On 11th and 12th December, CLPR organised Transform 2021, the 5th National Conference on Transgender Rights and the Law. It brought together transgender rights activists, academics and lawyers from across the country to discuss pressing issues that affect the transgender community.
Through TransForm, CLPR aims to highlight the existing barriers and discrimination faced by transgender persons in access to legal and constitutional rights. This year, the conference focused on the re-emergence of conversations on the assertion of rights and dignity of transgender and non-binary persons in a world trying to rebuild itself after the COVID-19 pandemic.
The first Roundtable had Christy Nag, Kanmani Ray and Randhoni Lairikyengbam discussing the topic “Access, Equality and Trans Inclusion in Education”. The speakers raised the issue of non-inclusive educational spaces and the challenges in advocating for change in the education system that maintains the ‘normal.’ Christy highlighted the colonial approach to education and how her organisation, Prayatna, is exploring the concept of Akhras to educate the youth during the pandemic. Kanmani examined the inclusivity of legal education, which sets the path for transgender persons in law. Unless transgender persons are part of law, the law will not protect their rights. Randhoni presented her work with the advocacy organisation SAATHI, and her experiences in advocating trans-inclusive curriculum to various school administrations, state governments, teachers and students.
The second Roundtable was titled “The Demand for Transgender Rights and Democracy”, moderated by Vikramaditya Sahai. The conversations were spearheaded by speakers Kris Chudawala, Dr. Pushpesh Kumar, Kunal Ambasta and Sayan Bhattacharya. Kris discussed the pros and cons of community organisation among transgender persons and negotiations with the State, which sees them as an “exception”, to find their space. Dr. Pushpesh’s paper placed transgender persons within the larger LGBTQIA+ movement that can often overlook class positions. Kunal discussed the norms brought by criminal law and its corresponding gatekeeping function and contrasted the invisibility and hypervisibility of transgender persons under law. Sayan discussed the necessity of including elderly transgender persons in discussions on transgender rights. The panel discussion touched upon the State’s interactions with trans identities in various contexts- the criminal law, kinship, care, queerness and nationalism.
The third Roundtable on “The Right to Love- The Use of Criminal Law to Police Trans Couples”, moderated by Arvind Narrain, had the speakers – Vyjayanti Vasanta Mogli, Kishu Bhati, and Umi – speaking from lived experiences of themselves and those around them.
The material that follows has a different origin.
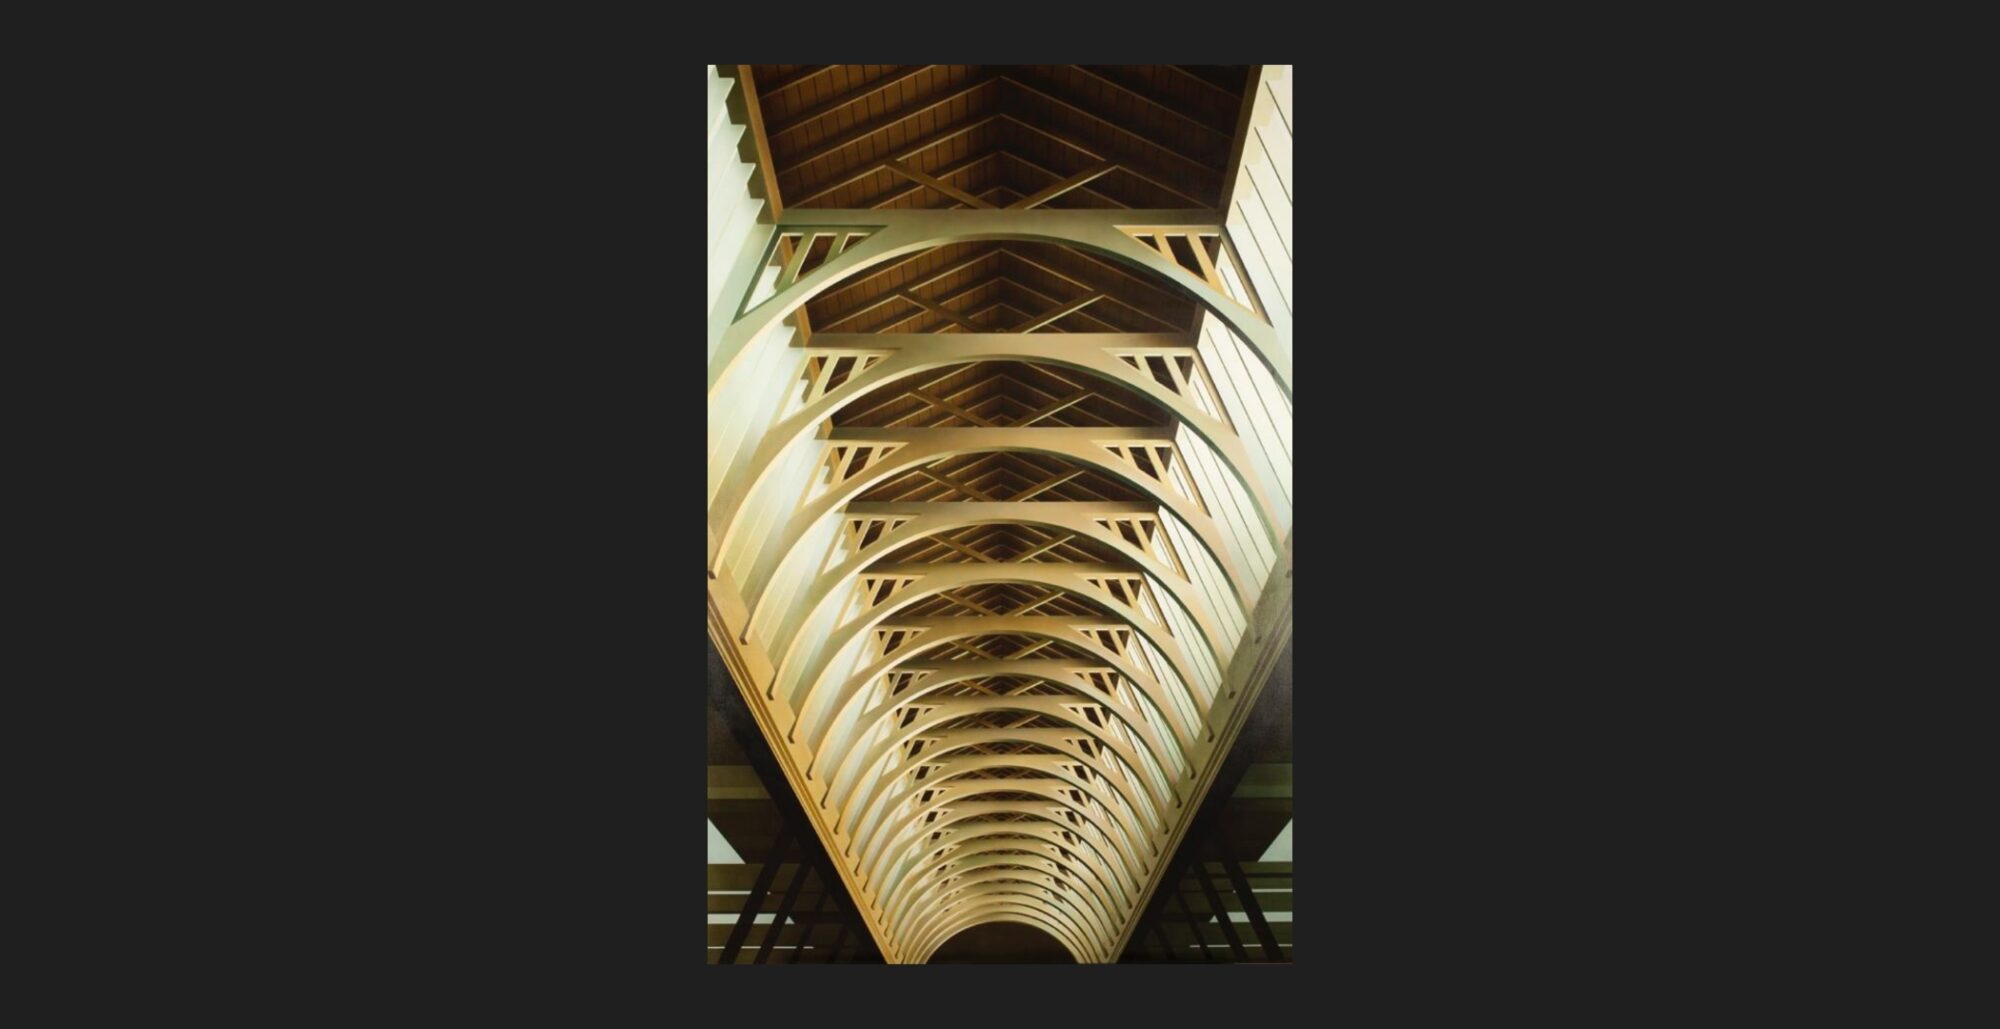 'Market Arcade', Ben Johnson (1986) - an image of a vaulted ceiling

Kishu started off the panel by describing the police harassment he faced when he tried to leave home with his girlfriend. Vyjayanti highlighted the links between leaving the home of your own will, victims of trafficking, and how the two can be conflated by the police and its impact on future relationships. Umi discussed the systemic oppression of transgender persons which rarely allows them the freedom of choice and the freedom to love. The panel critiqued the law’s approach to handling transgender love and the need for sensitising the police to transgender concerns.
The fourth Roundtable was moderated by Jayna Kothari, wherein the speakers, Dr. Aqsa Shaikh, Vihaan Peethambar, and Dr. Aparna Chandra, discussed the topic “Reproductive Justice and Transgender Rights”. Dr. Aqsa discussed the medical gaze and how it reduces transgender persons’ sexuality to their body parts. It assumes promiscuity among gender and sexual minorities, which affects their medical treatments, including treatment of transgender HIV patients. Regarding reproduction, she expressed the lack of trans-inclusive medical discussion. Vihaan spoke of his personal experience with hospitals and medical professionals and the lack of awareness about trans-men giving birth. Dr. Aparna opined that affirmative steps are required to rectify the existing reproductive laws which place the burden on women. This Roundtable explored the exclusionary nature of the healthcare system and how it prevents transgender persons from exercising their sexual and reproductive rights.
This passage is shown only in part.